I had learnt to live with the shortcoming until today when luckily I found a workaround for the problem. It turns out that switching off the "Assistive Technologies” does the trick.

Go to System > Preferences > Assistive Technologies
uncheck the "Enable Assistive Technologies" options.

5 comments:

  1. Fantastic, eog just crashed on me. I turned off assistive technologies. And restarted. And did a check trying to open an image with eog. Still wouldn't work. Checked system monitor to find that eog was still on futex_wait. Killed eog and them attempted opening a picture. eog was back to life. Thanks for the tip!!

    ReplyDelete
  2. The problem still lives for Ubuntu 10.04 running kernel: 2.6.32-25-generic, x86-64.

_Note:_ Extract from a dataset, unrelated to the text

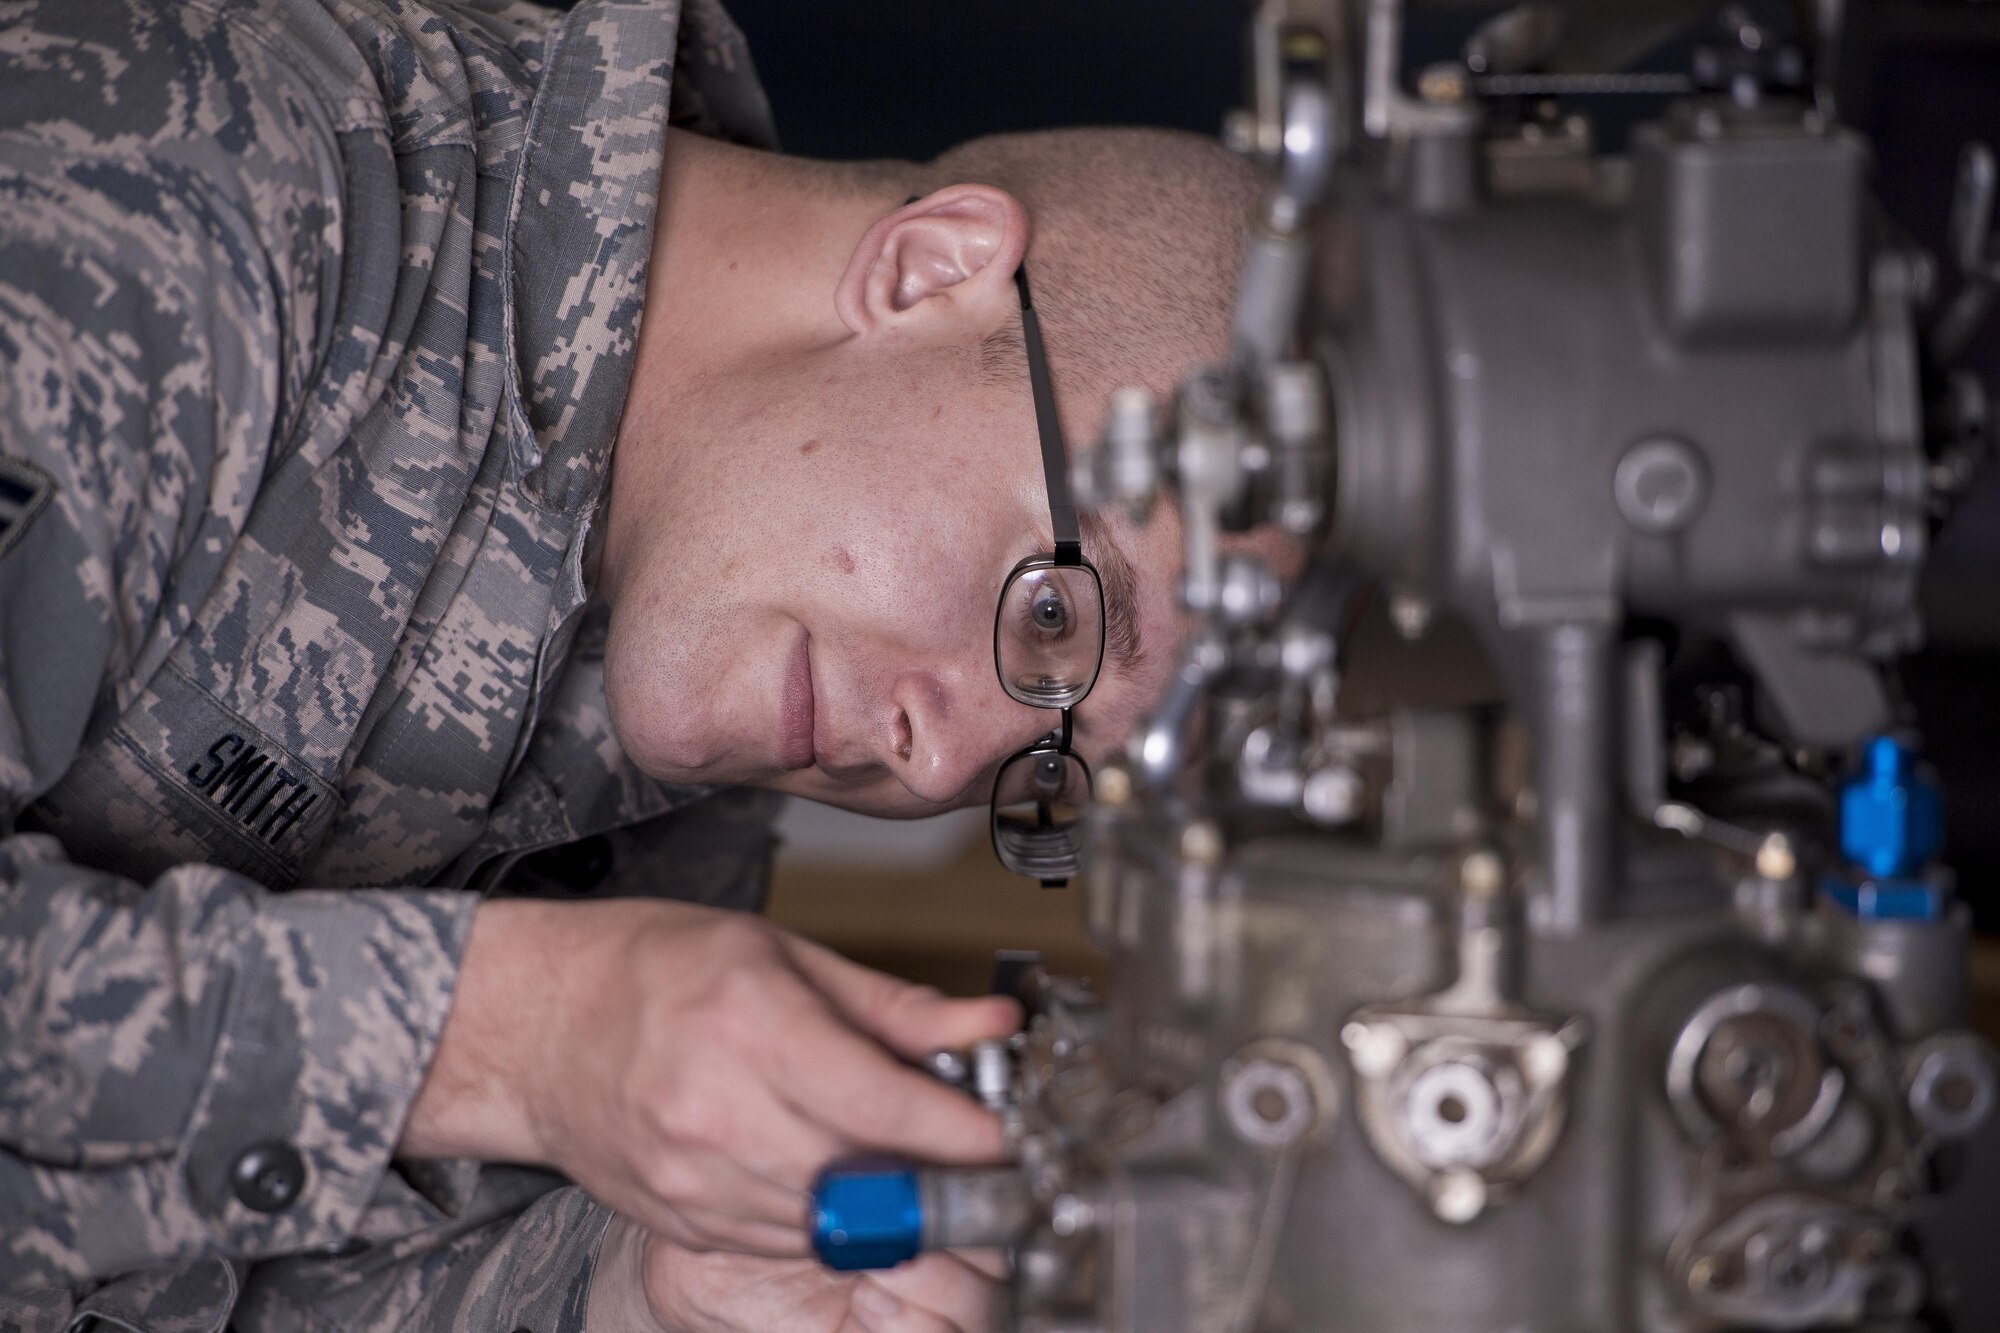 Airman 1st Class Jacob Smith, 374th Maintenance Squadron propulsion apprentice, practices on a C-130H Hercules training component, May 16, 2017, at Yokota Air Base, Japan. Smith is in the Organizational Maintenance and Troubleshooting course taught by instructors with the 373rd Training Squadron Detachment 15. (U.S. Air Force photo by Airman 1st Class Donald Hudson)

    In addition to OOo Writer (soffice.bin) having this Waiting Channel state, gvfs-fuse-daemon also shows the same futex_wait_queue_me state in the Waiting Channel column of System Monitor.

    I was NOT able to use the "End Process" button from System Monitor to end the process...it would not work. I was able to kill the process with a -9 from a terminal window just fine as superuser.

    kill -9 1888 where 1888 was the process id of soffice.bin.

    than this caught my eye in a ps -ef

    a8reason 1435 1 0 08:24 ? 00:00:00 /usr/lib/gvfs//gvfs-fuse-daemon /home/a8reason/.gvfs

    note the double forward slash in the path //

    I killed process 1435 as well and will reboot my Linux PC. I have not applied the fix mentioned above yet.

    ReplyDelete
  3. Turning off Assistive Tech's does not eliminate the problem for me.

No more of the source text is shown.